IronPython in Action and the Decline of Windows
Look, I despise Windows and no longer use or program for it, but it is ignorant to say that GUI programming in Windows is still stuck in 1995. XAML adds a declarative interface to WPF control instantiation, and the out-of-the-box WPF controls are more powerful than most other GUI toolkits, including HTML.
"Each button in the UI has to be tediously positioned and configured ... Windows UI programming is as tedious today as it was in 1995."
Clearly he's still doing Windows forms.
"When is Microsoft going to learn the real lesson about simplicity of HTML?"
About three years ago.
WPF ( http://en.wikipedia.org/wiki/Windows_Presentation_Foundation ) has been around since .Net 3.0 ( 21 November 2006 ). The XAML markup, where you don't have to "tediously position and configure" each element is heavily influenced by HTML, CSS and SVG.
Ok, first this is Guido and there is the obligatory "we're not worthy" stuff but this is a pretty bad argument. UI development for Windows in .NET WinForms is not that difficult and you do not generally have to dig into the guts of UI subsystem.
Secondly, Guido brings out the old whipping boy of "clients are dead long live the Web." I think this is not a good view. Why is it either Web or Clients. Personally, if HTTP/HTML the best we're over going to do then I think it's a pretty sad state of affairs. It also seems like a big waste to have these powerful computers with many cores that do nothing but allow you to have more tabs open in your web browser.
The web is a great platform but there must be a world beyond HTTP/HTML/Javascript and the occasional Flash application.
Lastly, I think Guido is either being naive or coy treating HTML as if developing UI in it has no tedious aspect to it.
His viewpoint on MS technologies is pretty dated and ridiculous:
"When is Microsoft going to learn the real lesson about simplicity of HTML? Instead, Microsoft is doing the same thing to HTML that it does to anything it touches: adding cruft to the point where the basic functionality is buried so deeply that most people can't even find it."
Has he ever heard of ASP.NET MVC?
"It's no wonder that users are switching to the web as the platform for everything that used to live on the desktop"

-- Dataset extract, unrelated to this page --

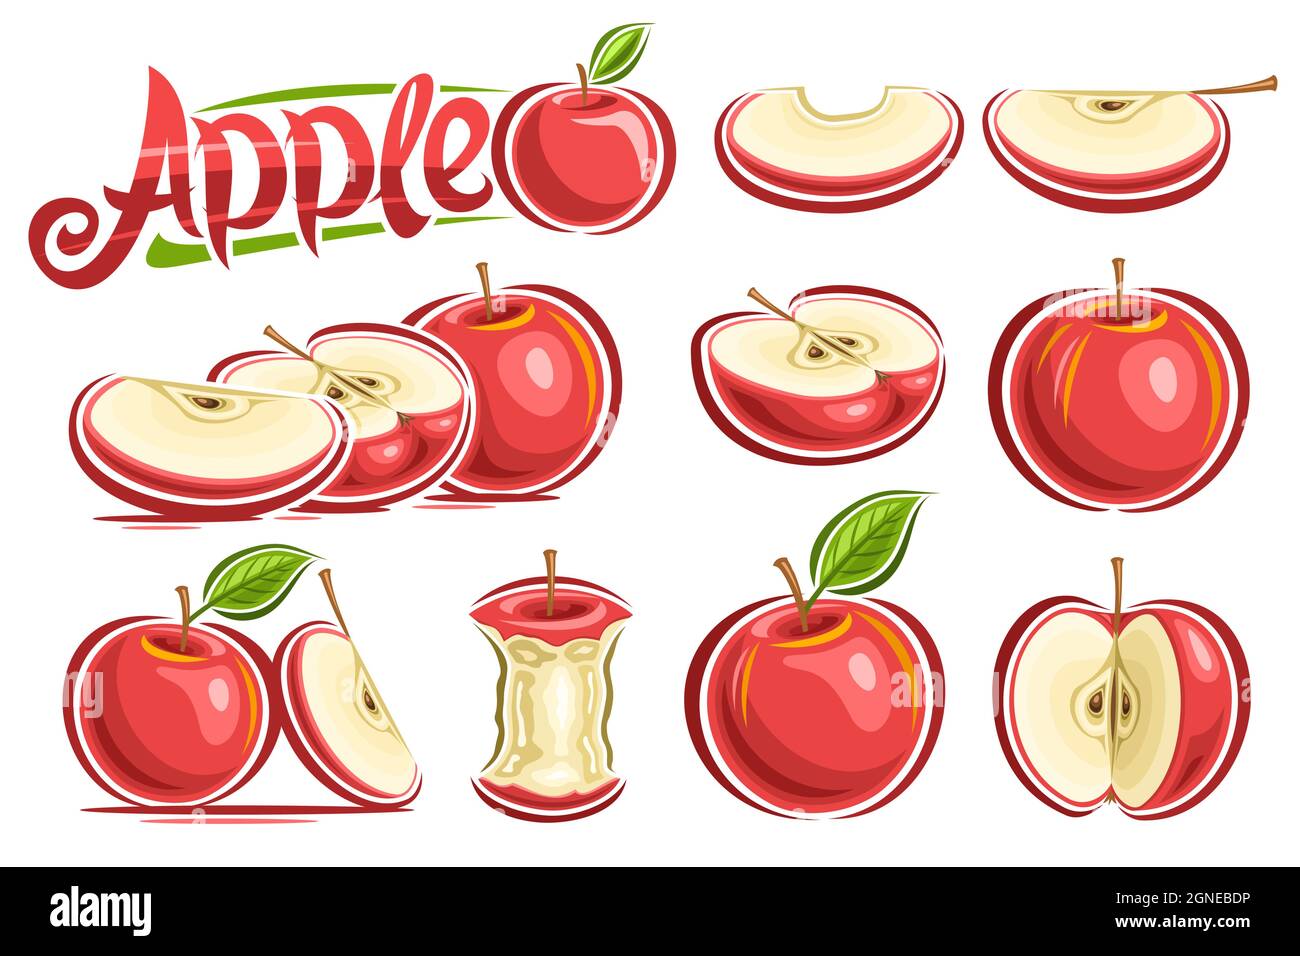 Vector Set von roten Äpfeln, Lot Sammlung von ausgeschnittenen Stillleben Kompositionen, ganze und in Scheiben geschnittene natürliche Äpfel mit grünen Blättern und Stielen auf weißem Rücken Stock Vektor
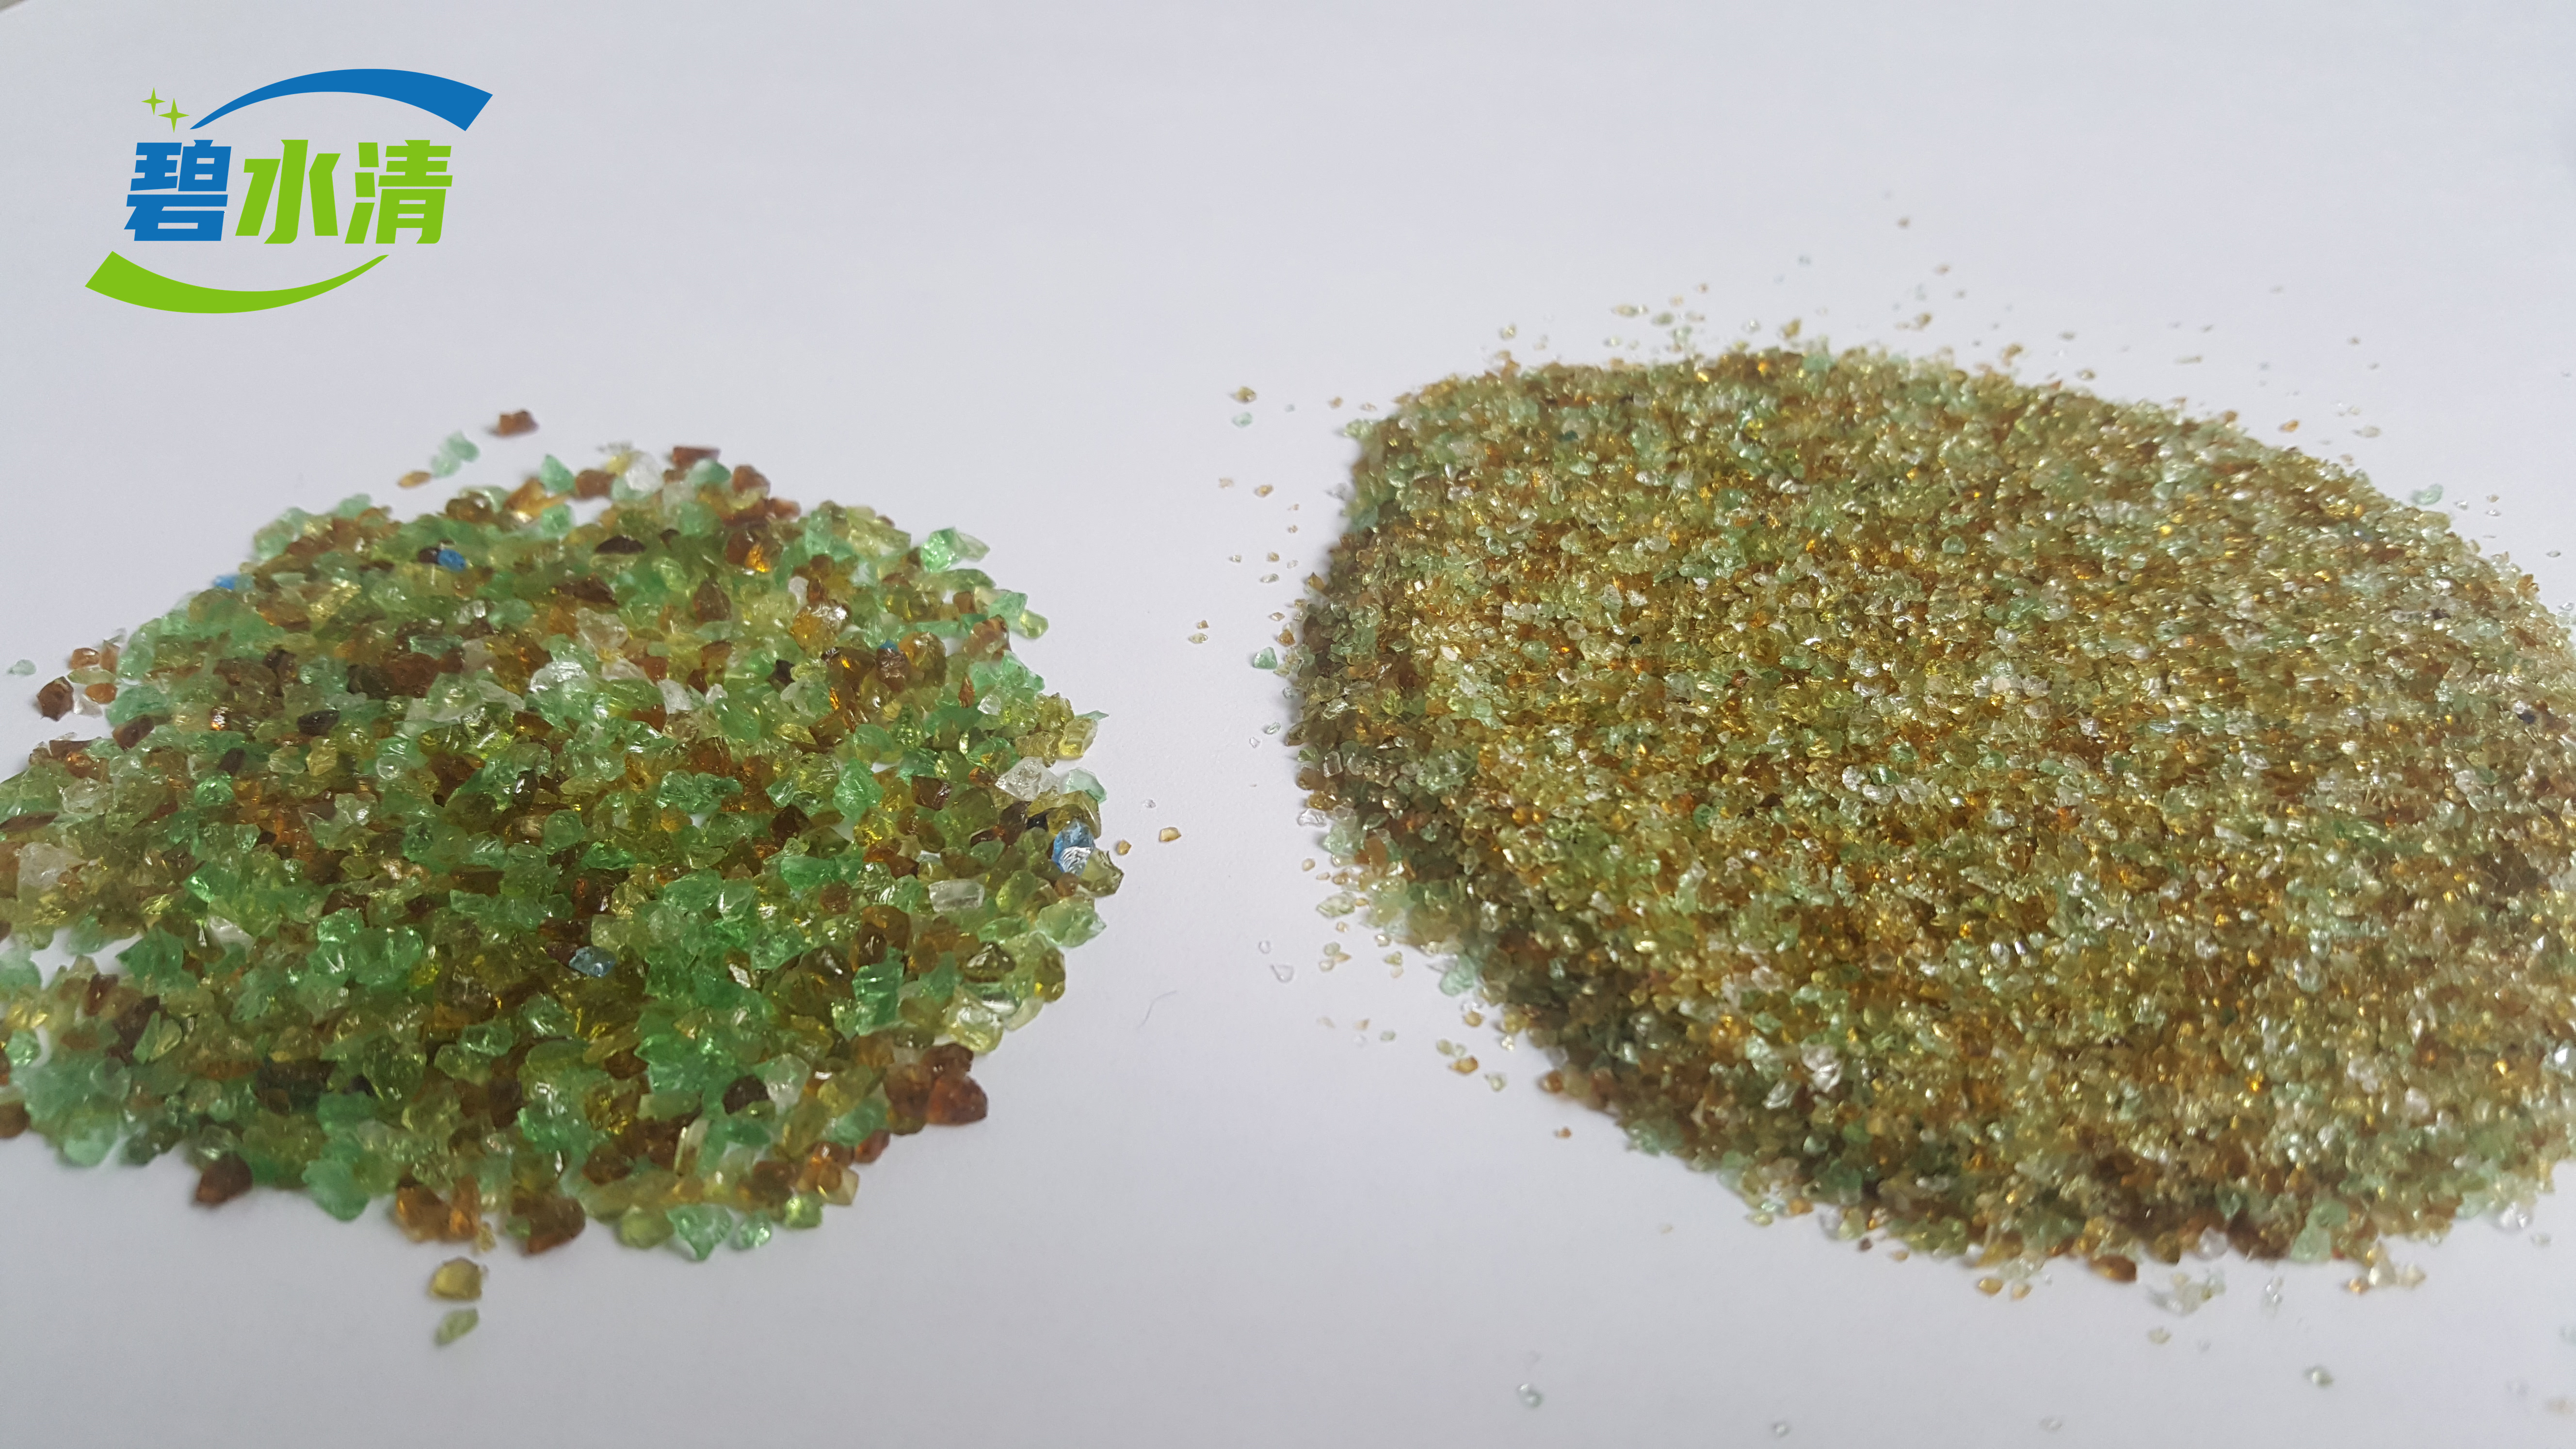 AFM玻璃滤料作为活化的过滤介质可永久替代石英砂

People are moving to the web? Hmmm...
I happen to have read both that book along with several on programming in cocoa (never done either professionally, I was just curious, so I claim no authority) and I thought that the systems (both what you can do with ironpython and wpf in general) turned out to be generally comparable in terms features, albeit grounded in differing philosophies and idioms. That said, what is the ideal to which WPF should aspire? If not Cocoa, then QT? Gtk?
I am curious mostly because I see a lot of this sort of nothing-new-under-the-sun critique of WPF, and while I have not worked with it in any great depth, what I've seen has been impressive enough to put doubt in my mind about such statements.